On June 16 1863, another township was formed a mile south of where Bill Fairweather’s pickaxe had landed. It was initially called Verina, after Varina Howell Davis, the first and only First Lady of the Confederacy. The Civil War was raging and, despite the fact that the town was in Union territory, the local resident loyalty was thoroughly confederate. A territorial officer from Connecticut objected to the name registration, and recorded it instead, as Virginia City, not making total sense, since Virginia had seceded, still a Dixie city in a Yankee territory. Within weeks Virginia City was a gold frontier boomtown, bereft of law enforcement, and full of saloons and uneducated fortune-hunters wearing firearms as standard attire.
The first Episcopal communion service in Virginia City welcomed Baptists, Methodists, and Lutherans to the Lord's Table. Thomas J. Dinsdale, late of Oxford, was being paid two dollars per child a week for teaching school, before he found better employment as editor of the Montana Post. By contrast, in Virginia City alone, $600,000 worth of gold was being extracted every week. In today's dollars, that was the equivalent of $30,000,000 per week or $1.5 billion a year, all of which was threatening to go to the Confederacy. Abraham Lincoln, to ensure that this new wealth would flow instead into Federal coffers, immediately removed the gold towns from the old Dakota Territory, and into the newly formed Idaho Territory, consisting of the present states of Wyoming, Idaho and Montana, with its capital at Lewiston. He appointed W. W. Wallace as the Governor and his friend, and one of the founders of the Republican Party, Sidney Edgerton, as Chief Justice.
It was still a lawless free-for-all, and Henry Plummer was earning his pay, and possibly more.
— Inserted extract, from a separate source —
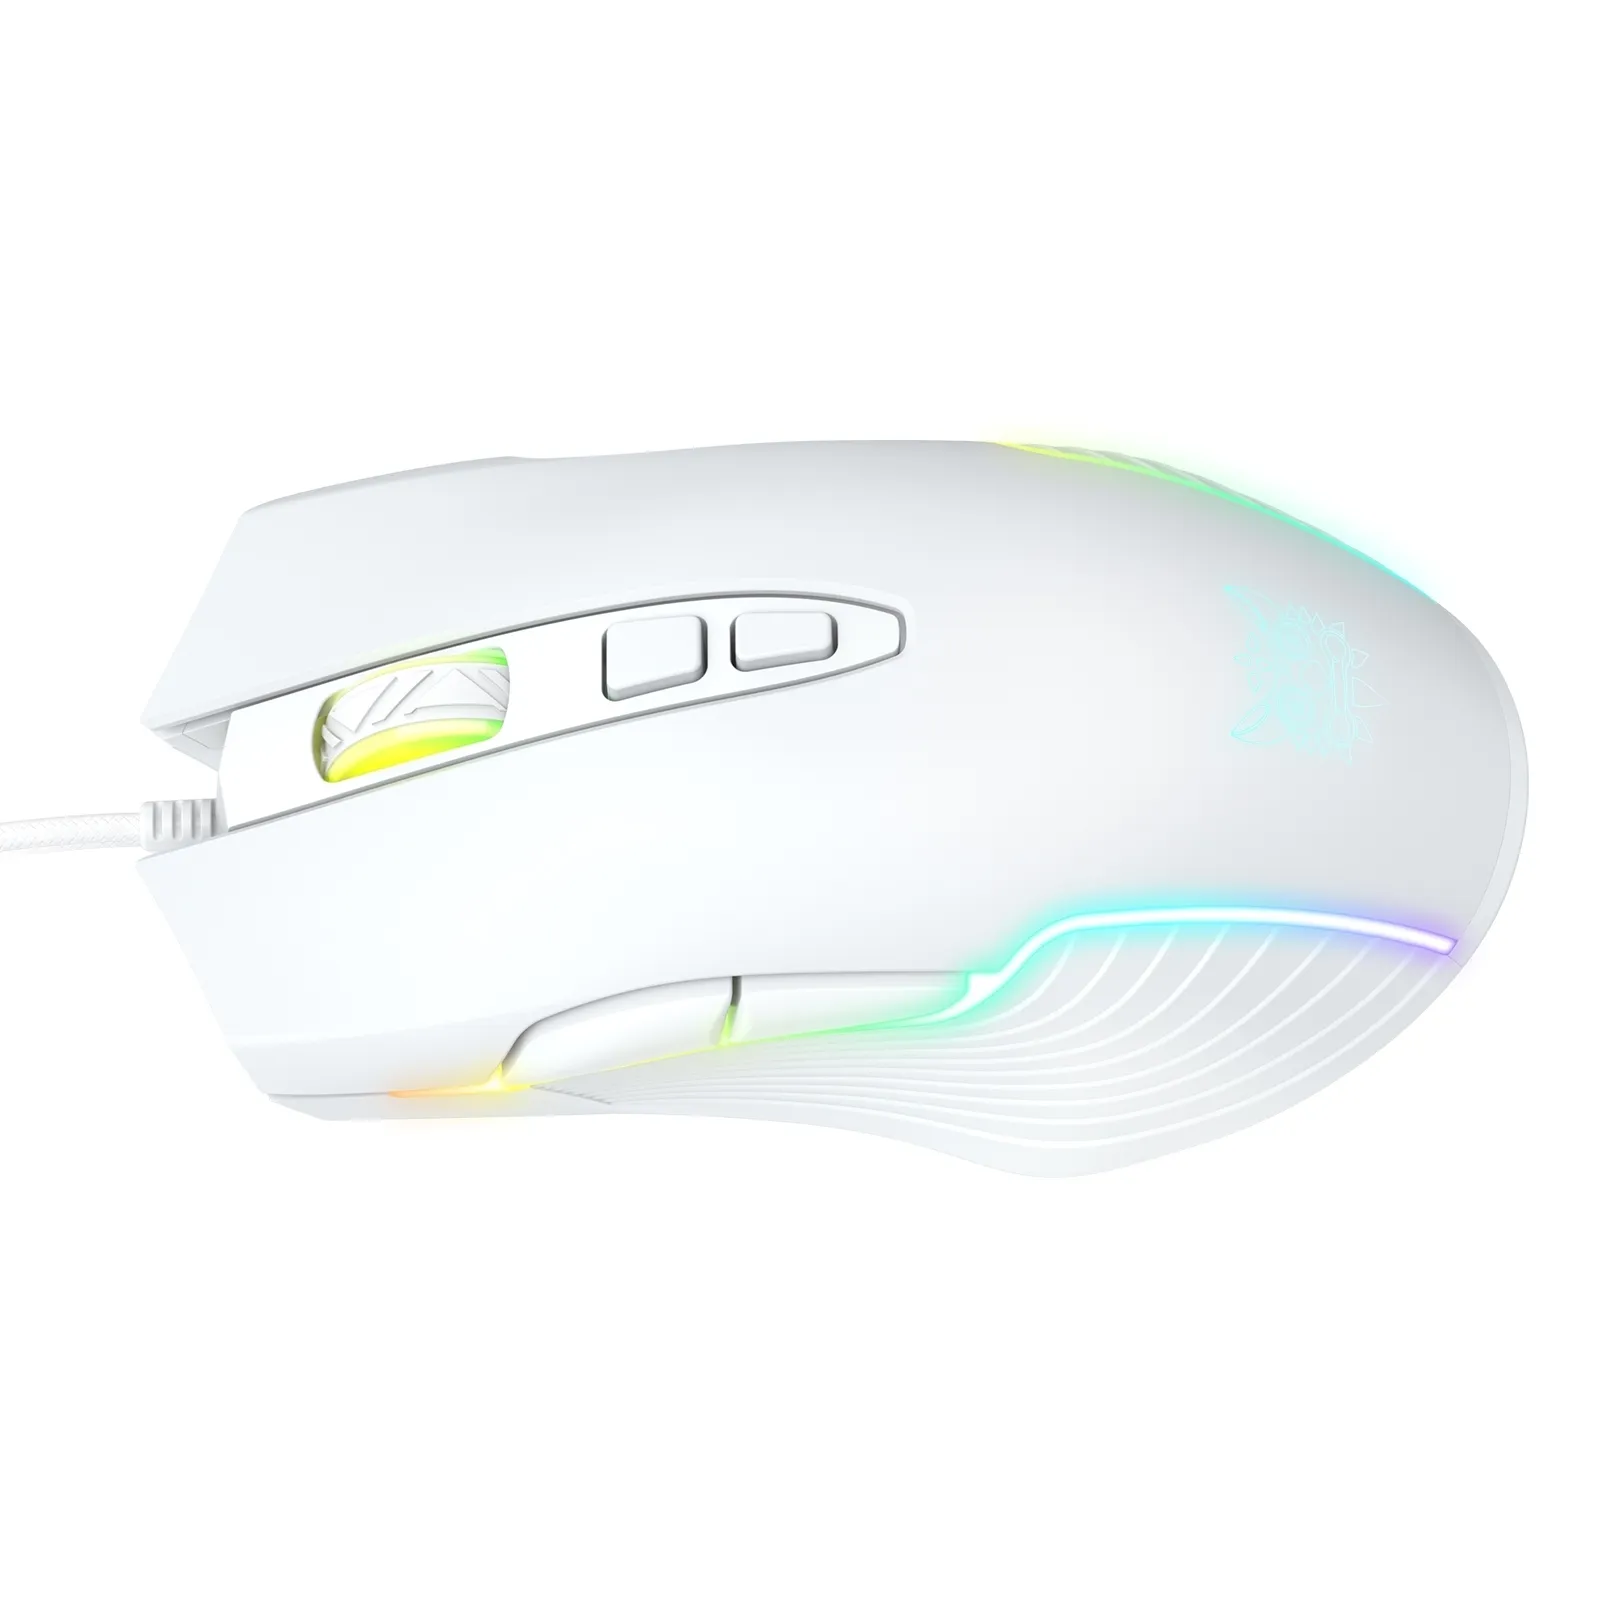 Onikuma Cw905 Branco Simples Com Fio Mouse Gaming 3600 Dpi Usb Mouse Com Fio Mouse De Computador 1200 Dpi Com Luz Led Rgb

The only court system available for the residents of Virginia City were the informal miners' courts, limited to the resolution of small disputes, and not set up for major crimes. The fiasco of a trial of the perpetrators of the murder of J.W. Dillingham was typical of the time. Like the dentistry, it was held outside, more because of the fact that every resident took part, than the ambient light. In the end all three defendants were released. The first, Charley Forbes, was freed after a sentimental speech he made about his mother. The other two, Buck Stinson and Haze Lyons, were convicted and sentenced to be executed. However, at what would be a very public hanging, friends of Stinson and Lyons convinced the crowd to vote again. Two attempts at counting were made. In the first, those voting ‘hang’ were to walk uphill, while those voting ‘no hang’ were to walk downhill. This method was rejected for reasons that are still not clear. The next attempt had four men form two gates and the gathered citizenry would cast their vote by either walking through the 'hang' gate or the 'no hang' gate. The condemned mens’ friends simply walked through the 'no hang' gate repeatedly, casting enough multiple fraudulent votes that enabled the two murderers to walk free. People gotta talk themselves into law and order before they do anything about it. Maybe because down deep they don’t care.
Thomas J. Dinsdale, late of Oxford, paid two dollars per child a week for teaching school, wrote: Another powerful incentive to wrong-doing is the absolute nulity of the civil law in such cases. No matter what may be the proof, if the criminal is well liked in the community 'Not Guilty' is almost certain to be the verdict, despite the efforts of the judge and prosecutor.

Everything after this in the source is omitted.